#### EXTRACTED RECORDS

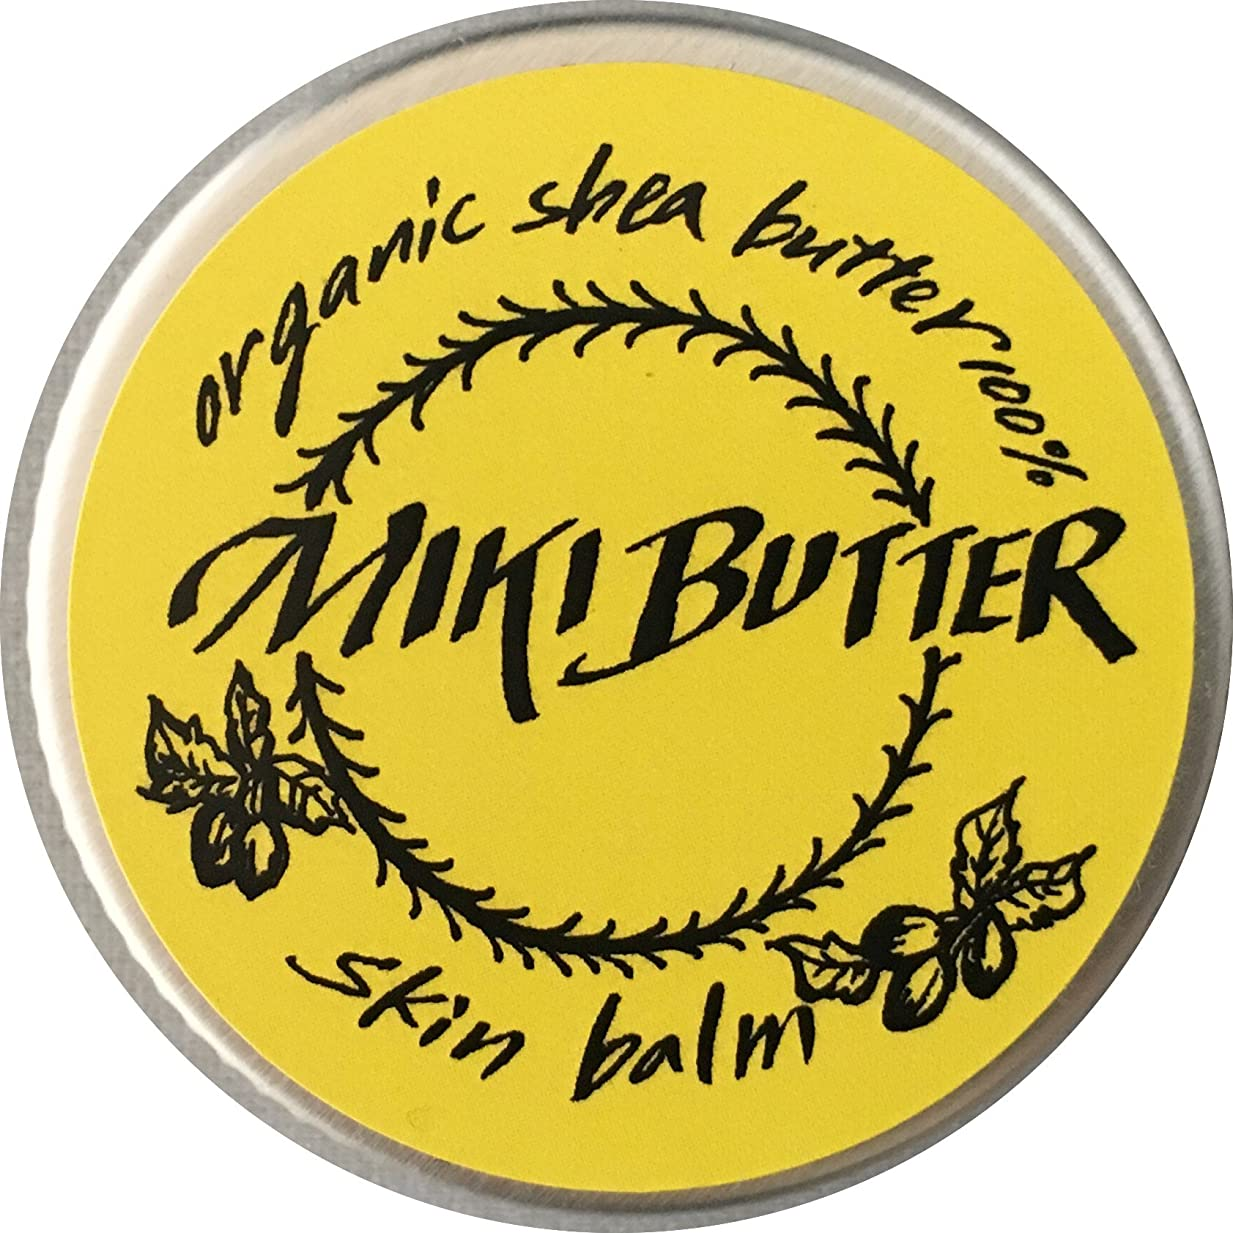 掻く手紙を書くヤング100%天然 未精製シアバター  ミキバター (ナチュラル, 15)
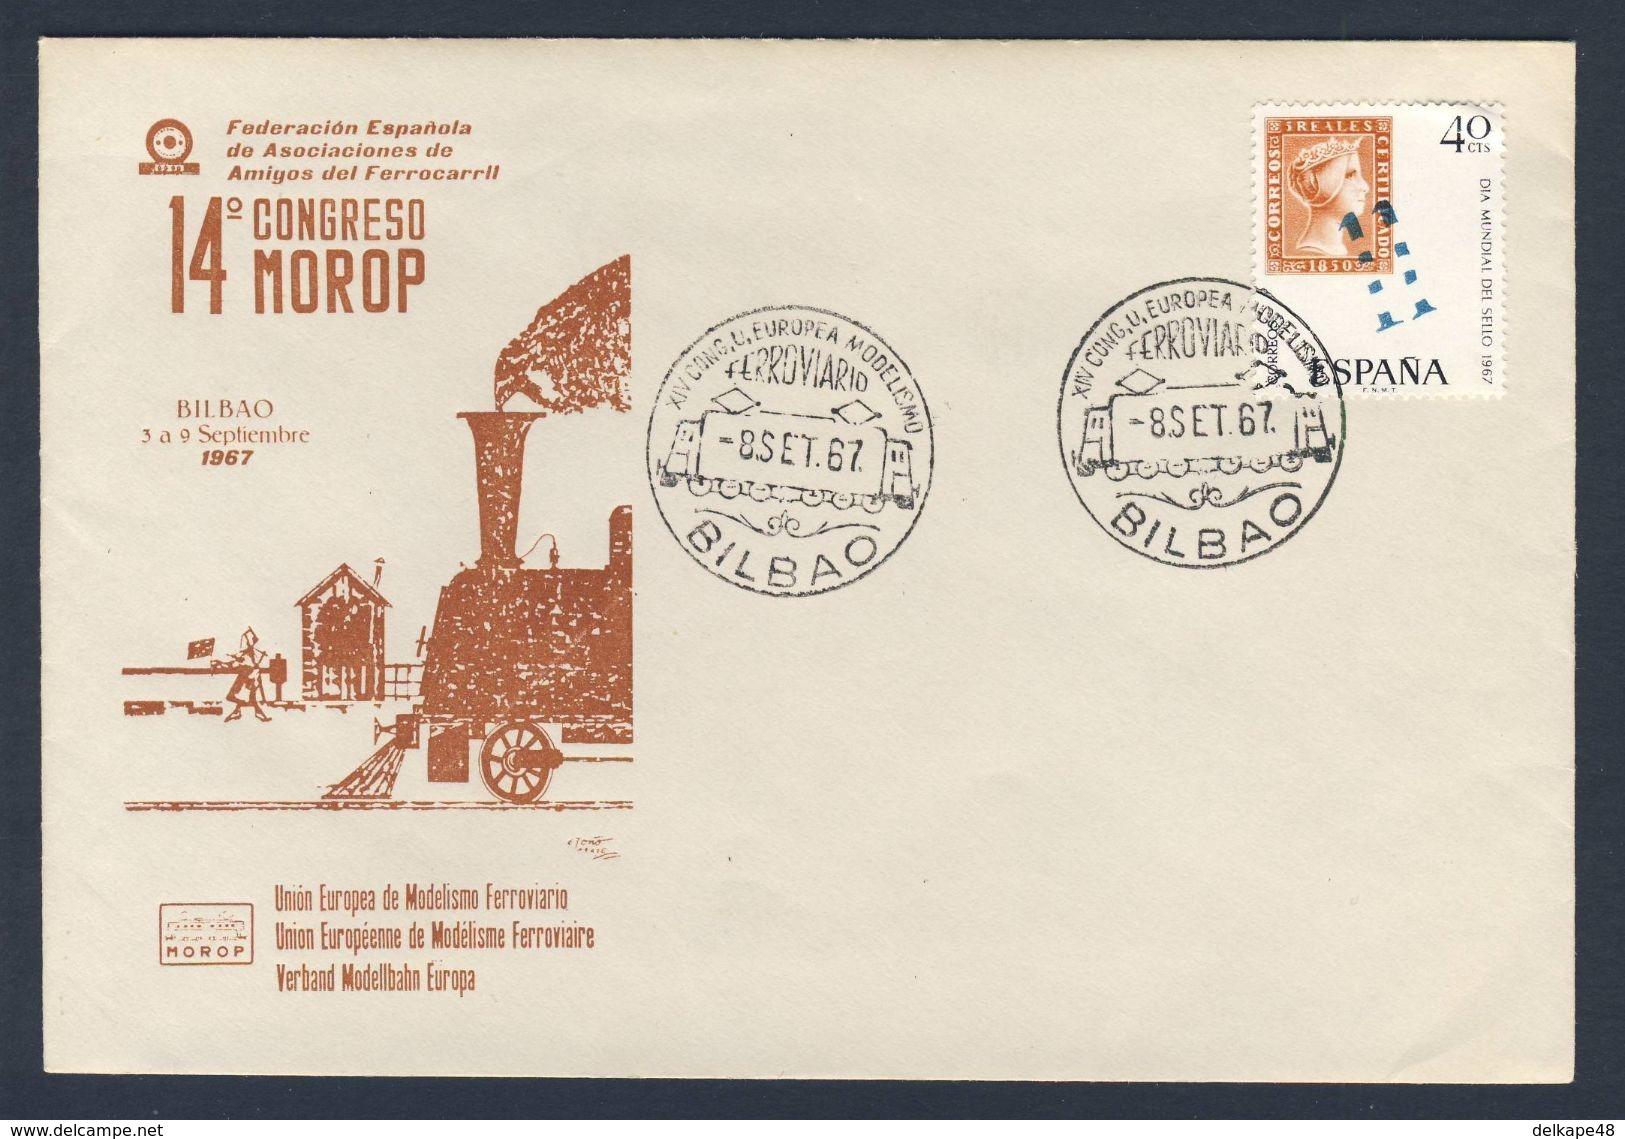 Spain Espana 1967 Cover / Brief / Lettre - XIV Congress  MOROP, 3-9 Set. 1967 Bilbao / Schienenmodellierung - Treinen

########
#### EXTRACTED RECORDS

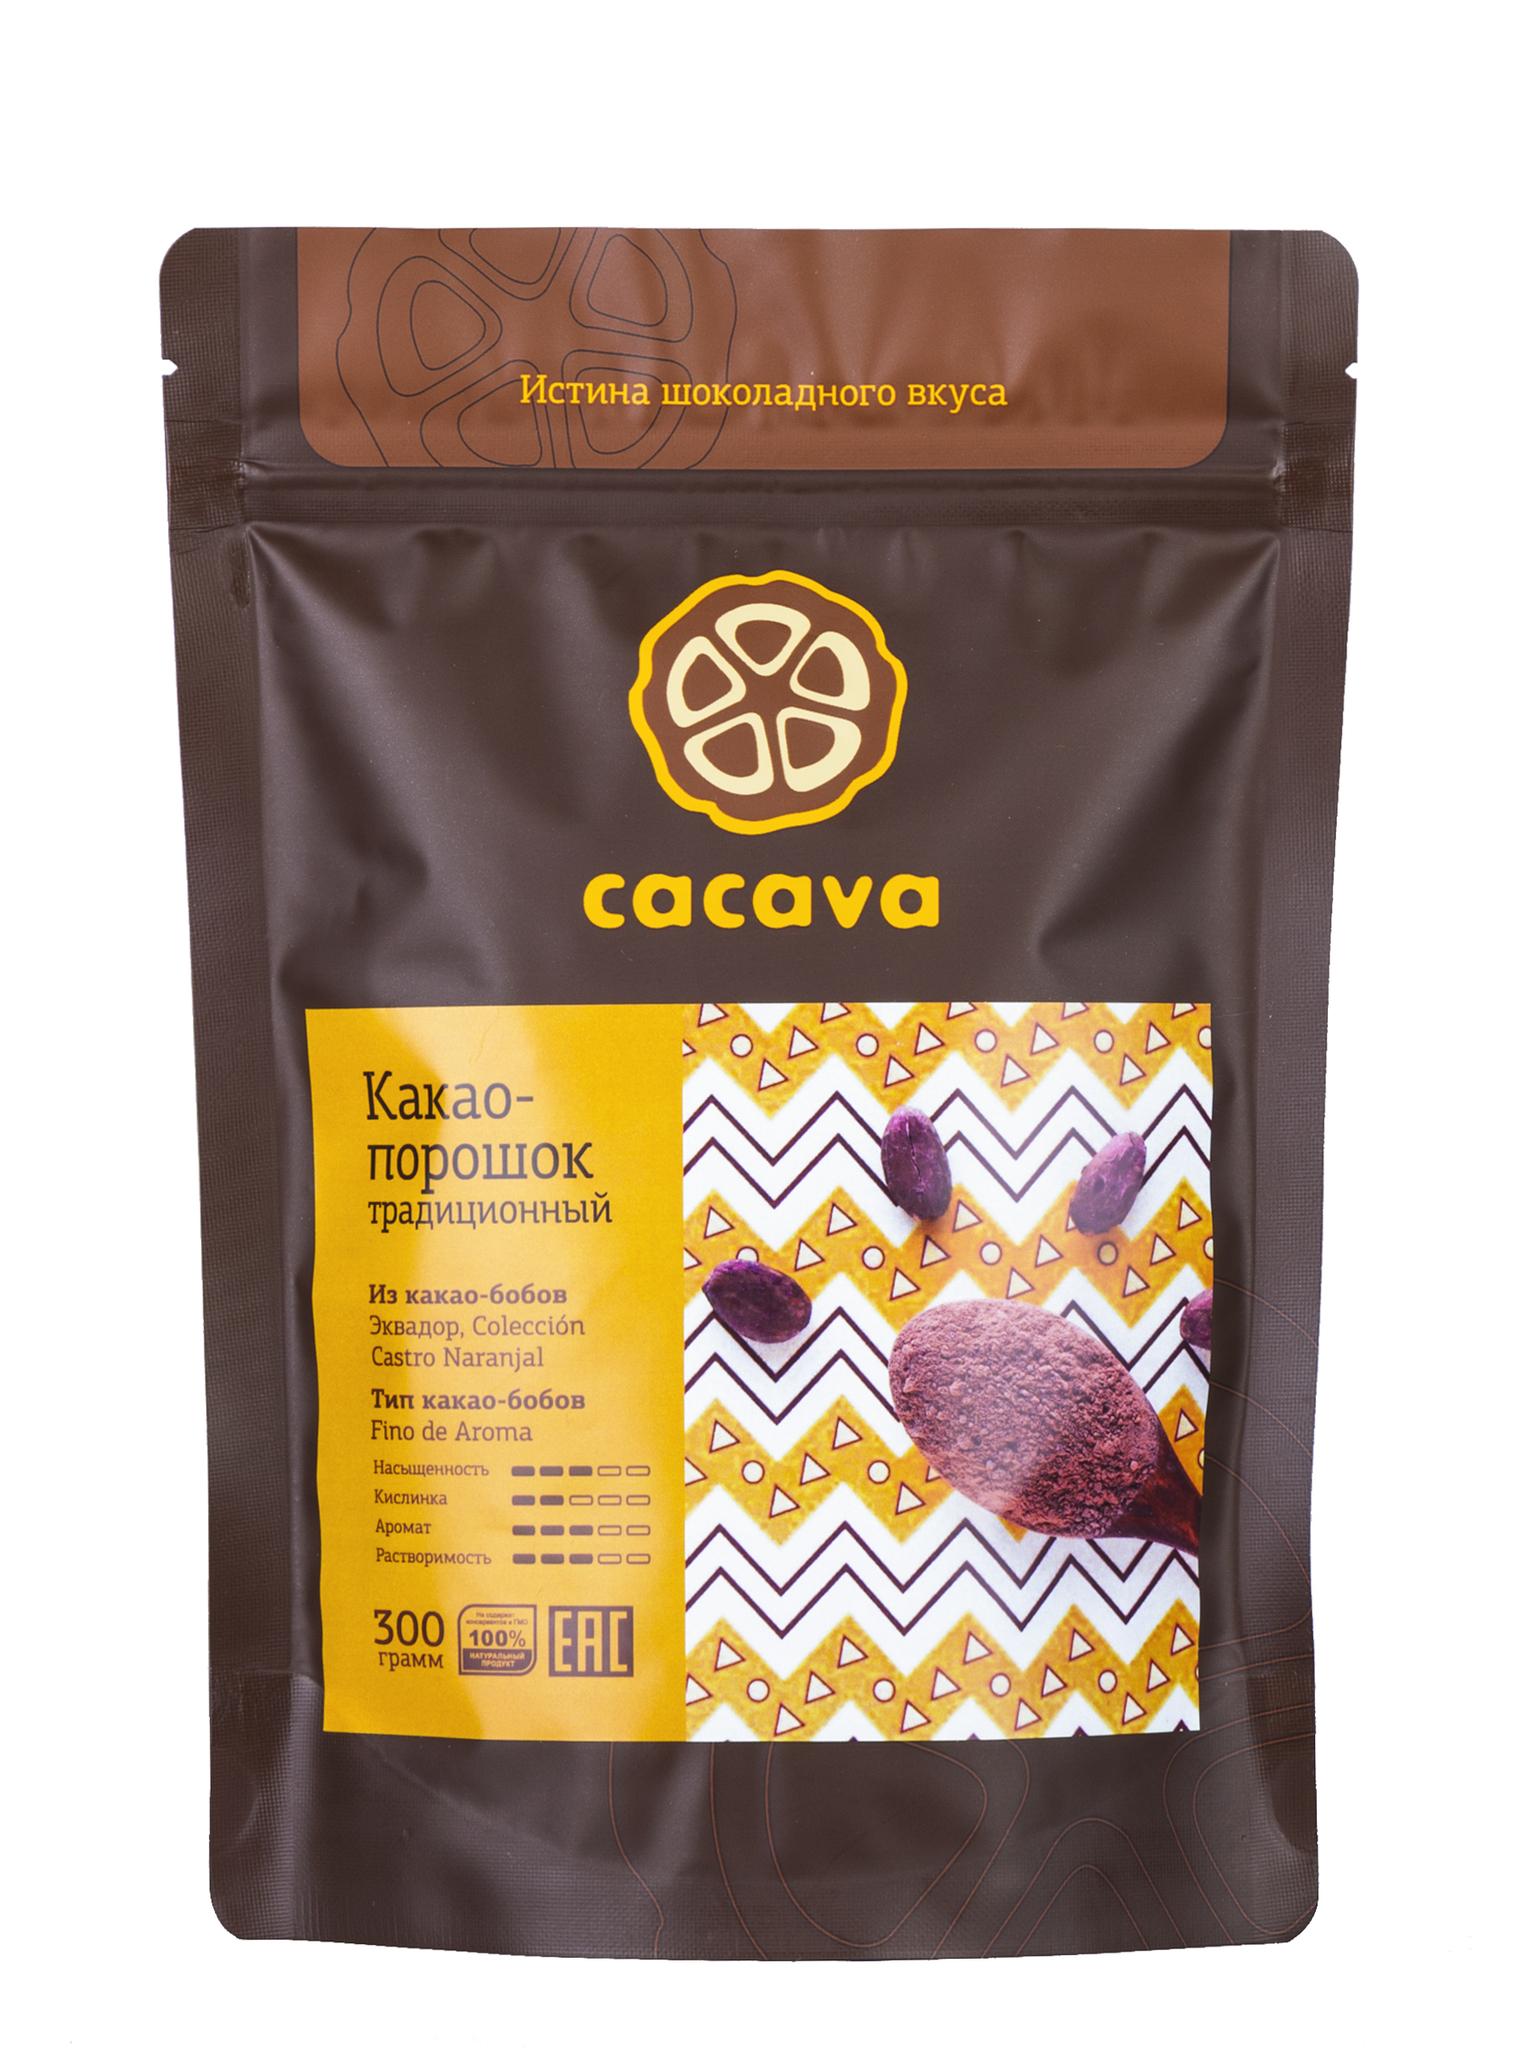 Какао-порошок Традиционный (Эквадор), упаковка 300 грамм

########
#### EXTRACTED RECORDS

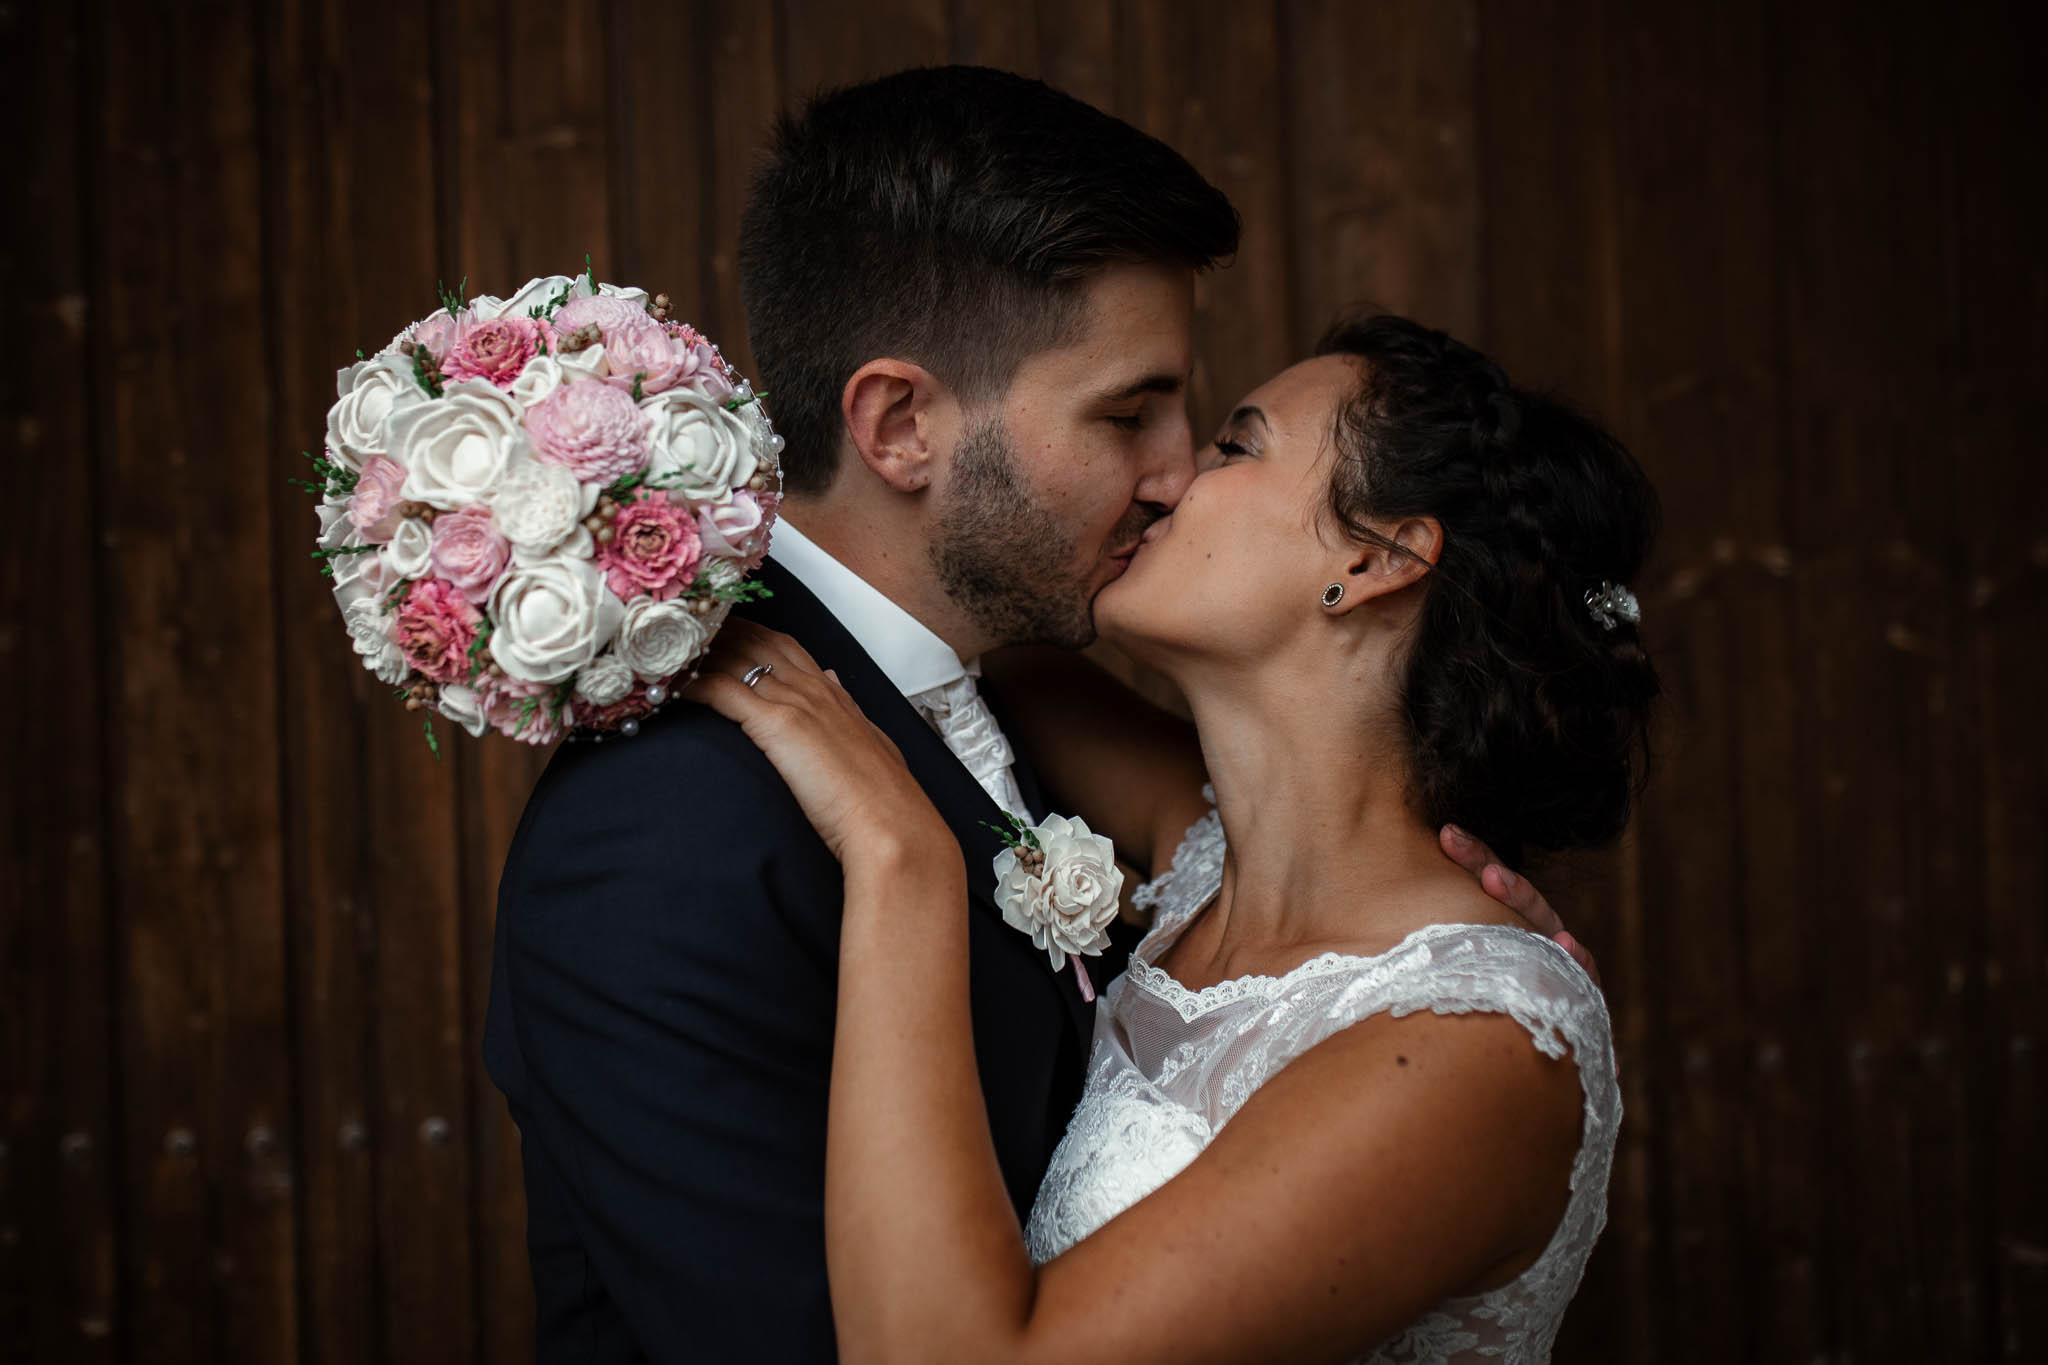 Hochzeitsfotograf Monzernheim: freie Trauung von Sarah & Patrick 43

########

In the listing above, find the line with "ミキバター (ナチュラル, 15)" and output every line through the one with "Spain Espana 1967", exactly, without the pictures.

 掻く手紙を書くヤング100%天然 未精製シアバター  ミキバター (ナチュラル, 15)
 Spain Espana 1967 Cover / Brief / Lettre - XIV Congress  MOROP, 3-9 Set. 1967 Bilbao / Schienenmodellierung - Treinen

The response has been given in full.